The dessert trio offered Crema Cotta liquore di caffe, Budino al Cioccolato (with coconut, caramel and cream) and Ravioli di Pera Fritti pear, fig with a spiced red wine reduction.  My favorite was the crema cotta as it was fresh and palate cleansing.   The  ravioli was a bit reminiscent of a  McDonald’s baked pie.  The budino was served in a baby food jar, a refreshing change from the mason jars which seem to house desserts everywhere else.  More importantly, the pudding was quite good although a little sweeter than I like.

Dessert Trio
Dessert Trio


The only thing I wasn’t fond of was the Arancini (arborio rice, wild mushrooms, fontina, tomato sauce). Maybe I find this dish a bit boring in general but other than the tangy sauce, it was a starchy monotony with a taste similar to grandma’s cream of mushroom casserole.

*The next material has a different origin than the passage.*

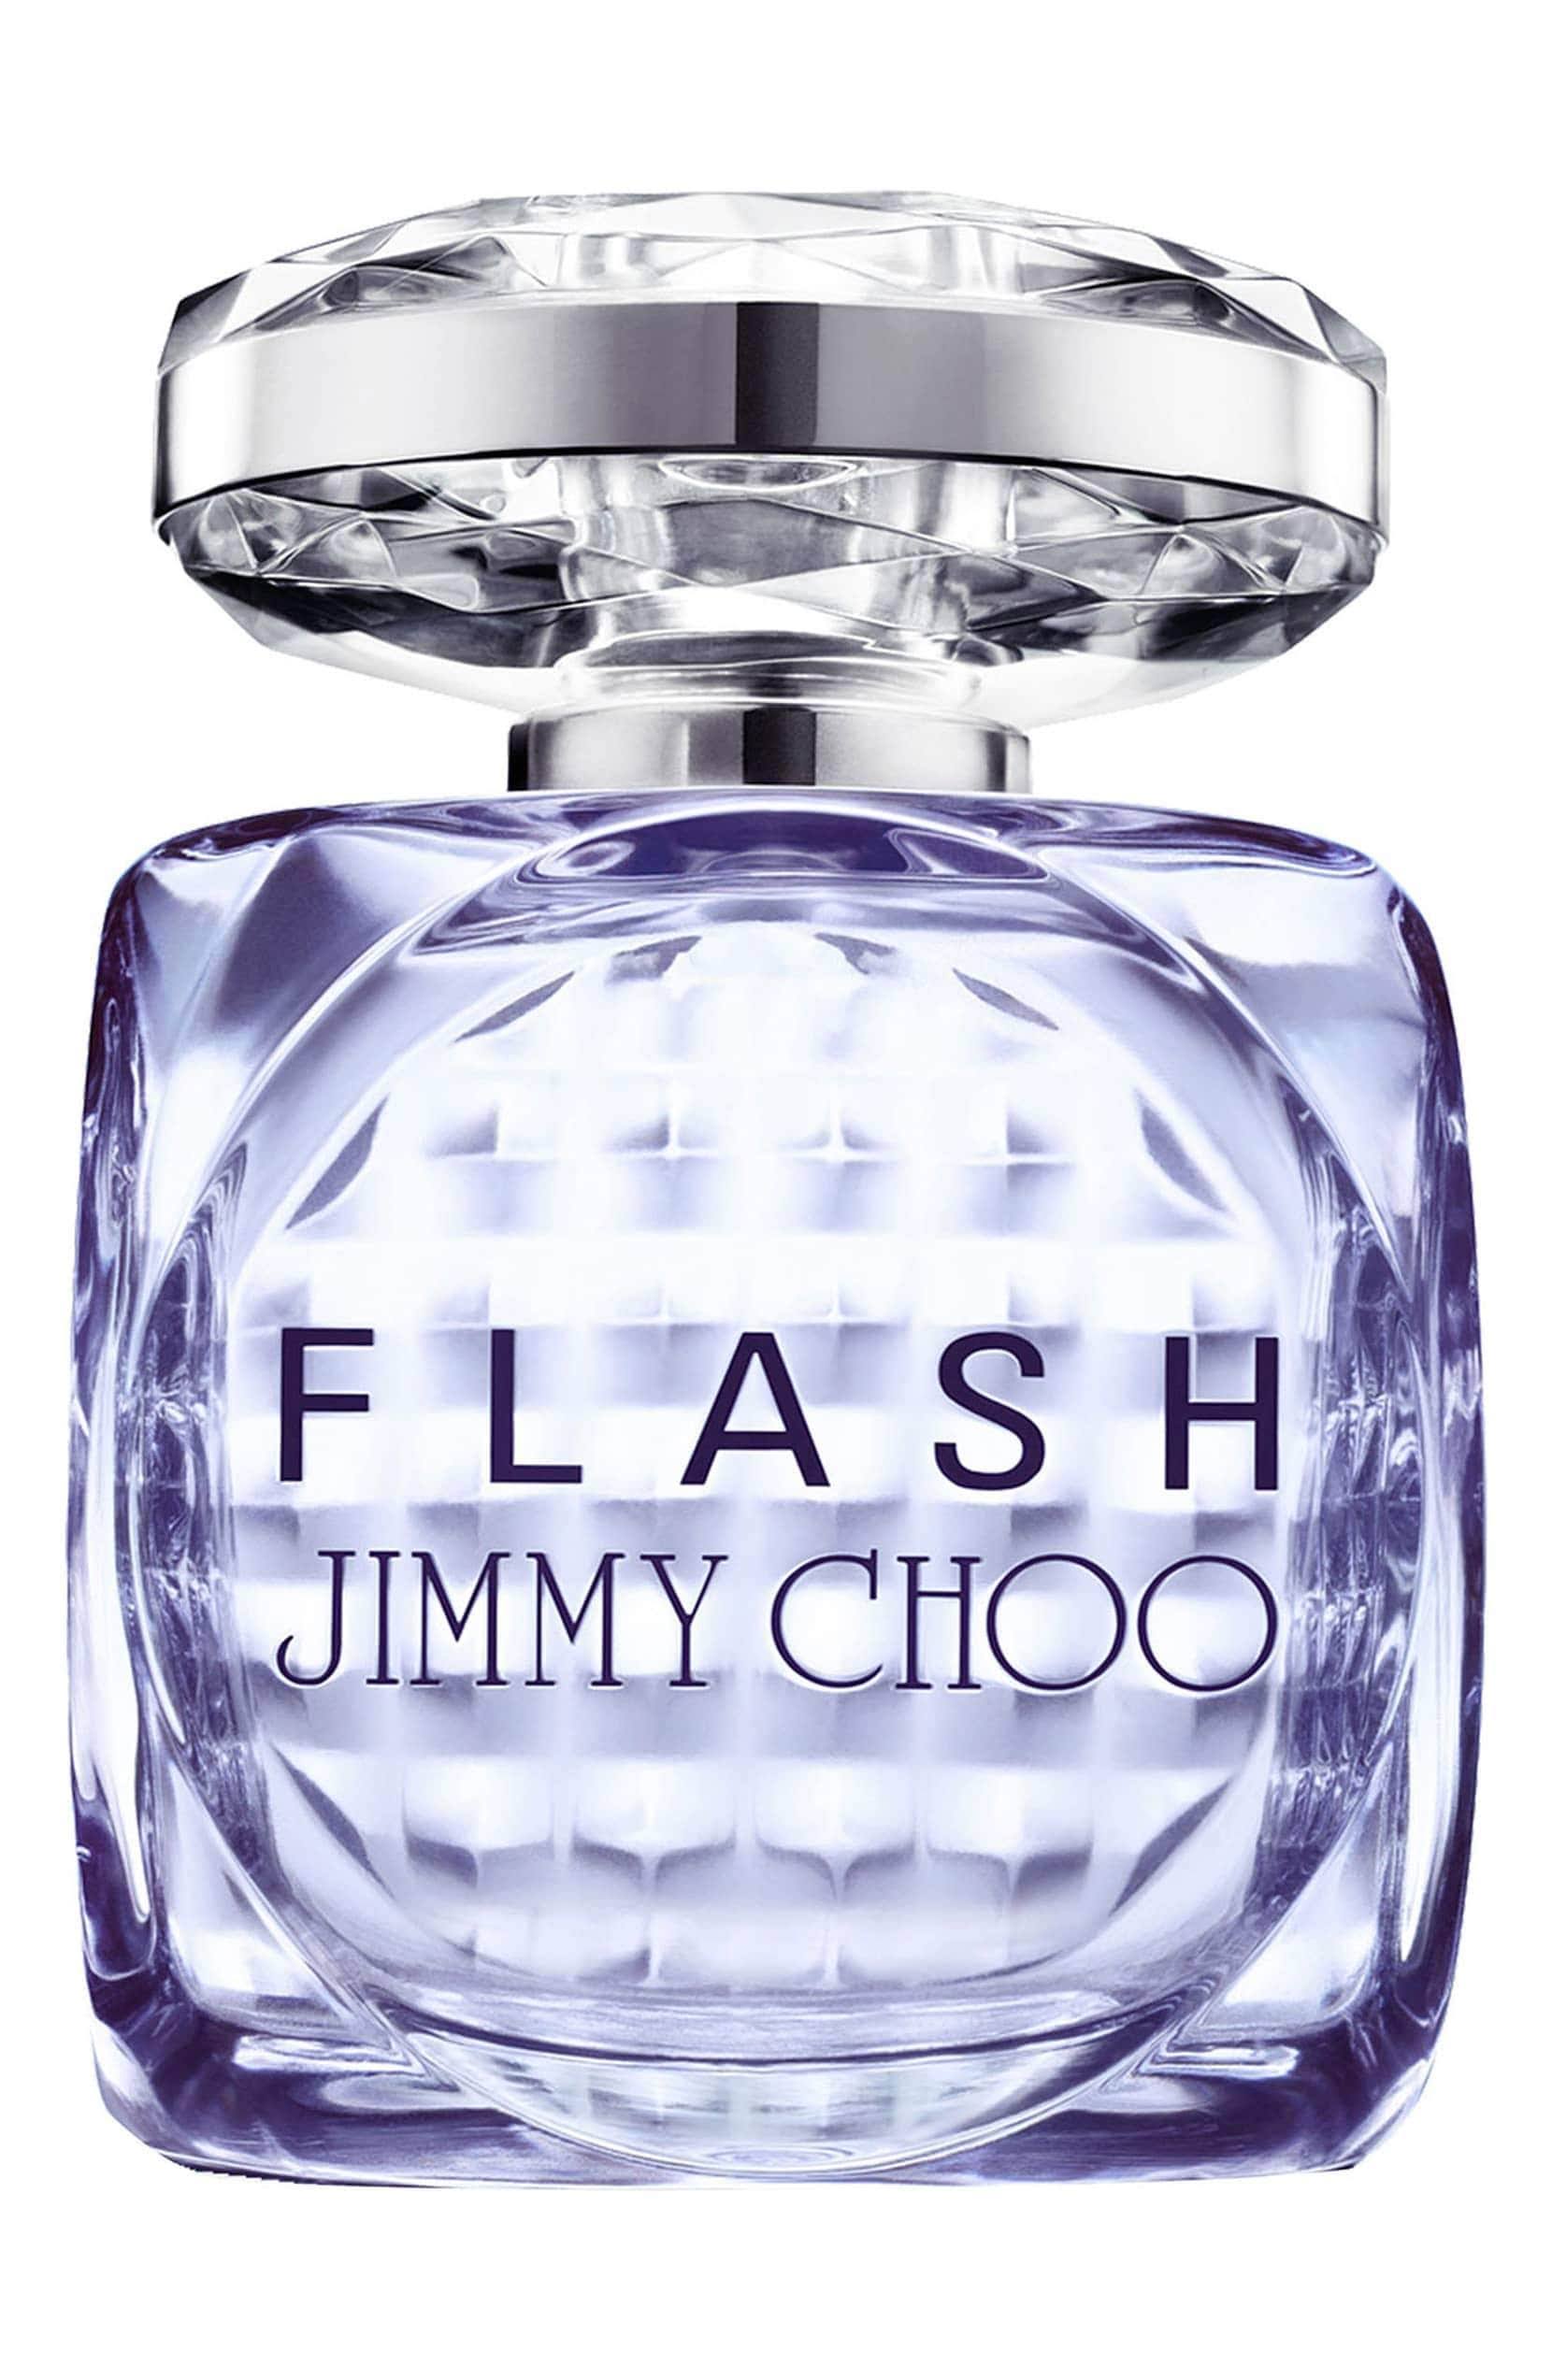 Jimmy Choo Flash for Women Eau de Parfum Spray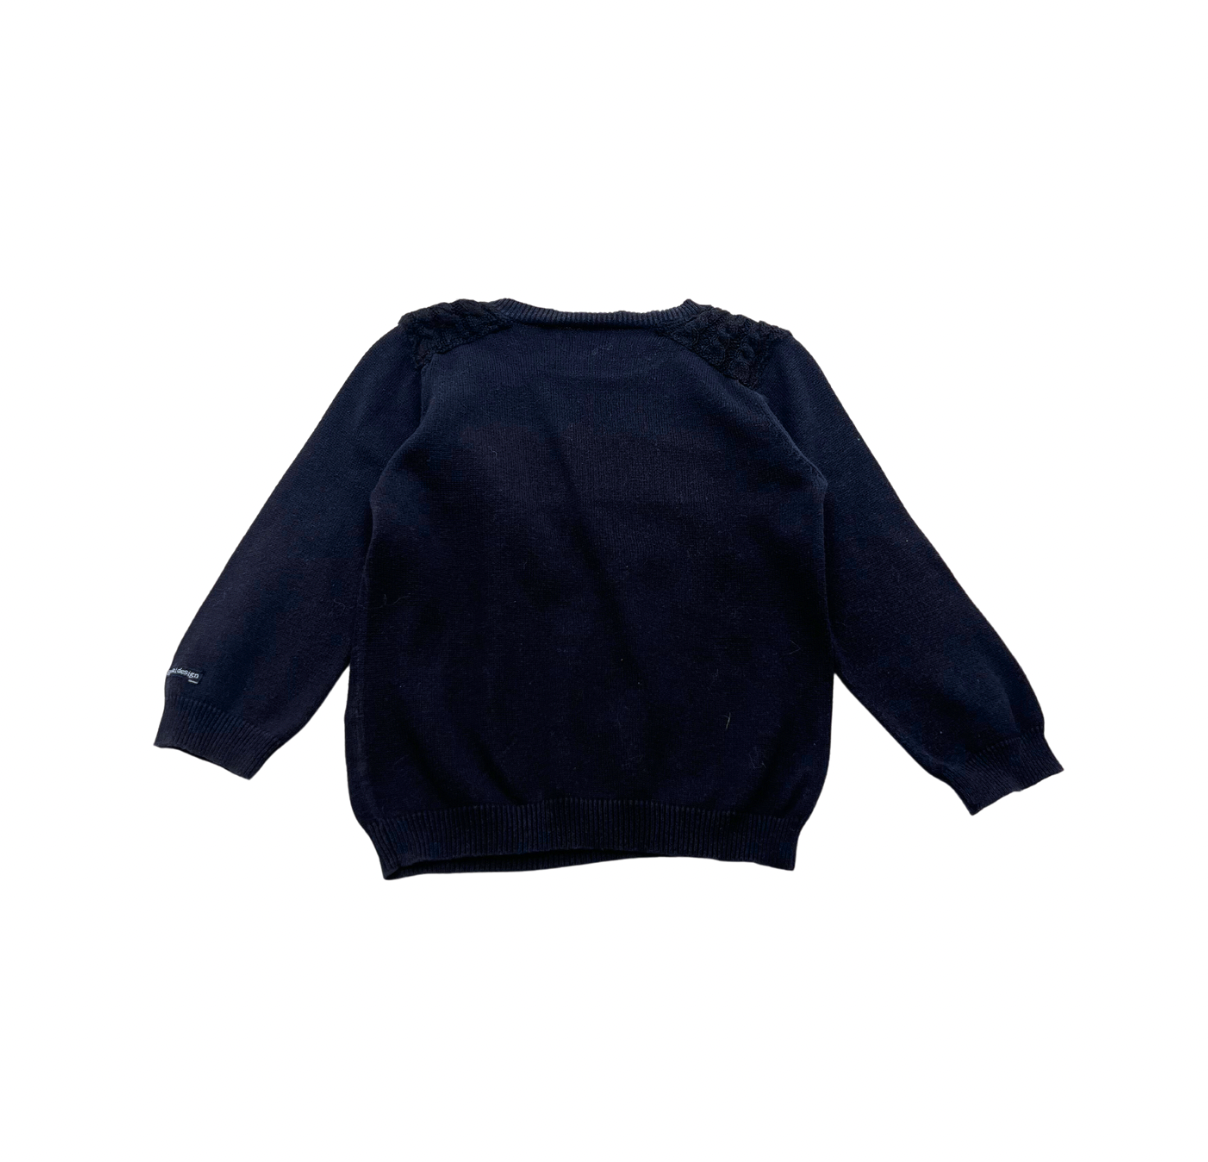 IKKS - Unique sweater - 18 months

Also mundane is the minimal beer selection. There’s no draught  beer and only a few bottle choices.  Although Italy is not known for its beer selection, Toronto is.  There is nothing unauthentic about throwing a few more local brews into the mix, preferably with a few on tap. A crisp local lager or a nutty amber ale would nicely compliment many of Gusto’s menu items.

My Take

Gusto’s focus is traditional Italian food within a trendy environment.  Even the “semi-private” room tucked in the basement  buzzes with a downtown Toronto vibe.   The servers emit an aura of pride, evident through their story telling, each with a thesis promising fresh, authentic fare. For the most part, the food is delicious. In fact, I think I would have been just as happy being served  a group meal providing it included  the kale salad along with Monday’s meatballs (perhaps with some homemade pasta) and all washed down with free flowing dollar an ounce house wine….a far cry from the aforementioned group dinner or the oily salad, rubber chicken, cold spaghetti, stale bread and one-toned table wine normally considered an Italian celebration in other venues.